Глава восьмая. УКРАСТЬ АТОМНУЮ БОМБУ


   Генри Смит любил ездить по американским дорогам. Идеальное бетонное покрытие, чуть шершавое, чтобы избежать скольжения шин, позволяло делать ход машины покойным, располагающим к воспоминаниям и размышлениям.
   По пути в Вашингтон Генри Смит решил завернуть в Балтимор, навестить там мать, которую обожал, трогательно заботясь о ней, никогда не забывая послать ей из своих далеких репортерских скитаний сувенир с теплой сыновней запиской.

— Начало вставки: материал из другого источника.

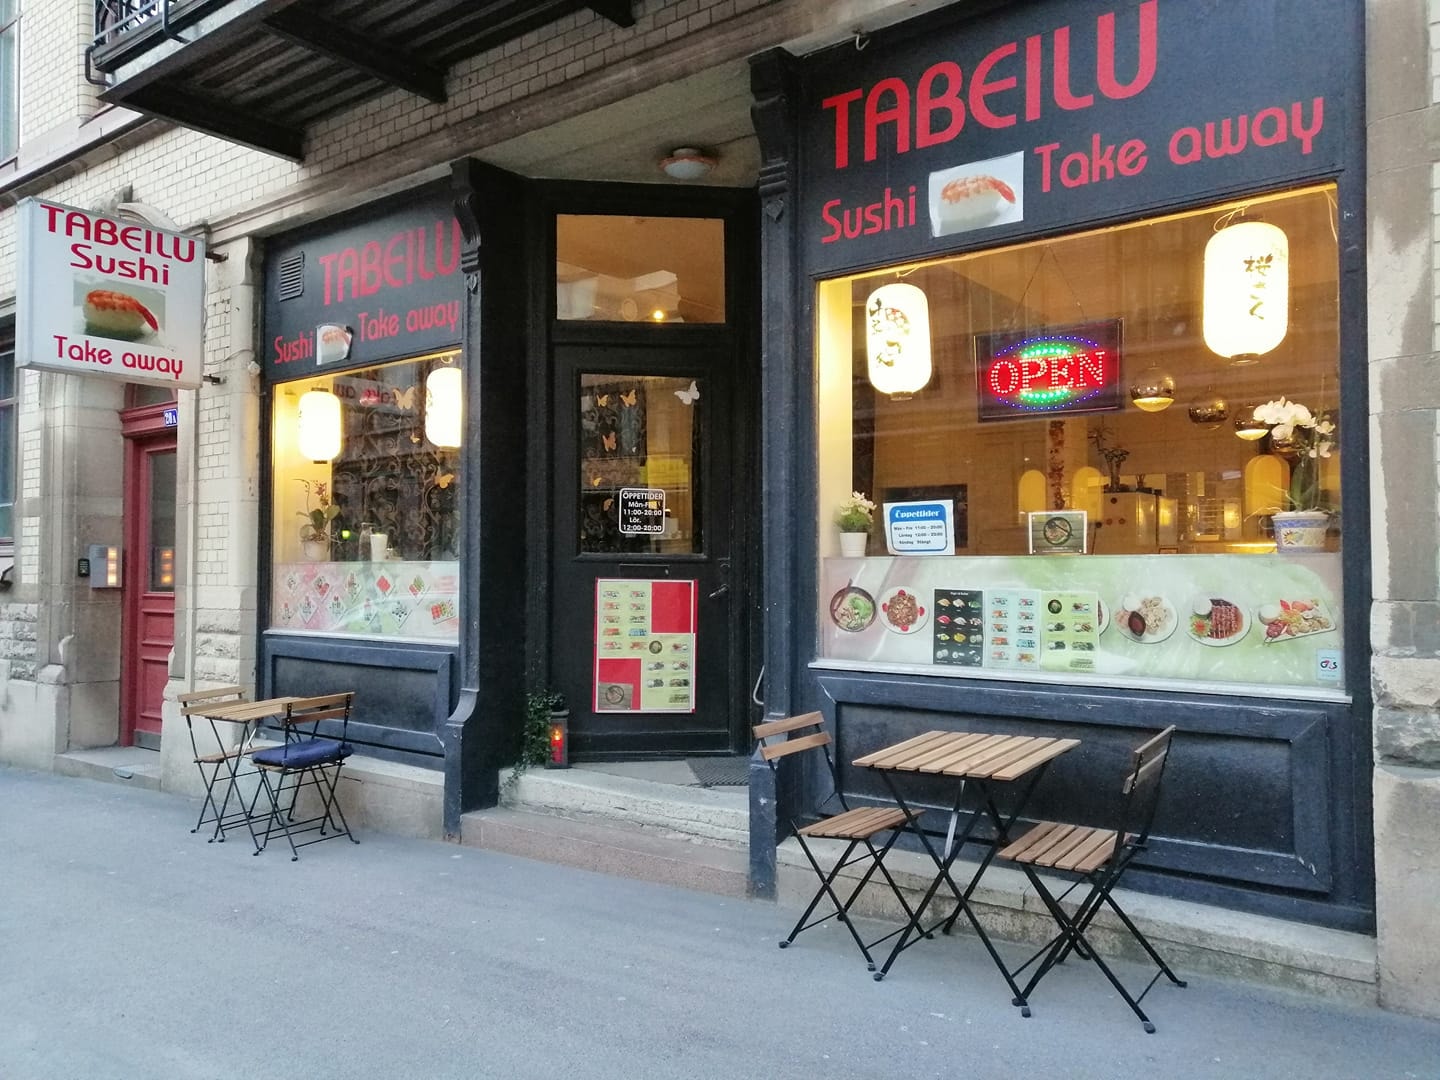 10 bitar sushi från Tabeilu sushi i Vasa (1 av 4)

   Представляя, как она встретит его, Генри Смит думал о себе, о детстве и все еще не устроенной пока личной жизни.
   Мать научила его еще мальчишкой гордиться отцом, национальным героем Америки, сложившим голову во Вьетнаме за великие идеалы свободы и демократии. Позднее Генри узнал, что национальный герой погиб около вонючей вьетнамской деревушки, сожженной по его приказу вместе со всем населением, несомненно партизанским и враждебным. Вероятно, были там азиаты разного пола и возраста, пусть даже старики и дети, но при тотальной войне, навязанной американцам азиатами, считаться с такими вещами не приходилось. Потому Генри не осуждал отца, а готов был взять с него пример. Он унаследовал от него силу воли, ловкость и не слишком большую разборчивость в выборе средств и действий. С раннего возраста он понял, что в мире каждый человек заброшен в джунгли, где предоставлен самому себе. И свобода, полная и неограниченная, дарованная ему свыше, касается именно свободы действий, поэтому Генри не собирался остановиться перед сожжением какой-то там деревушки или чего-нибудь покрупнее, если за этим станет дело.
   Избрав после окончания колледжа, где помнили заслуги его отца, журналистское поприще, он подумывал о большем.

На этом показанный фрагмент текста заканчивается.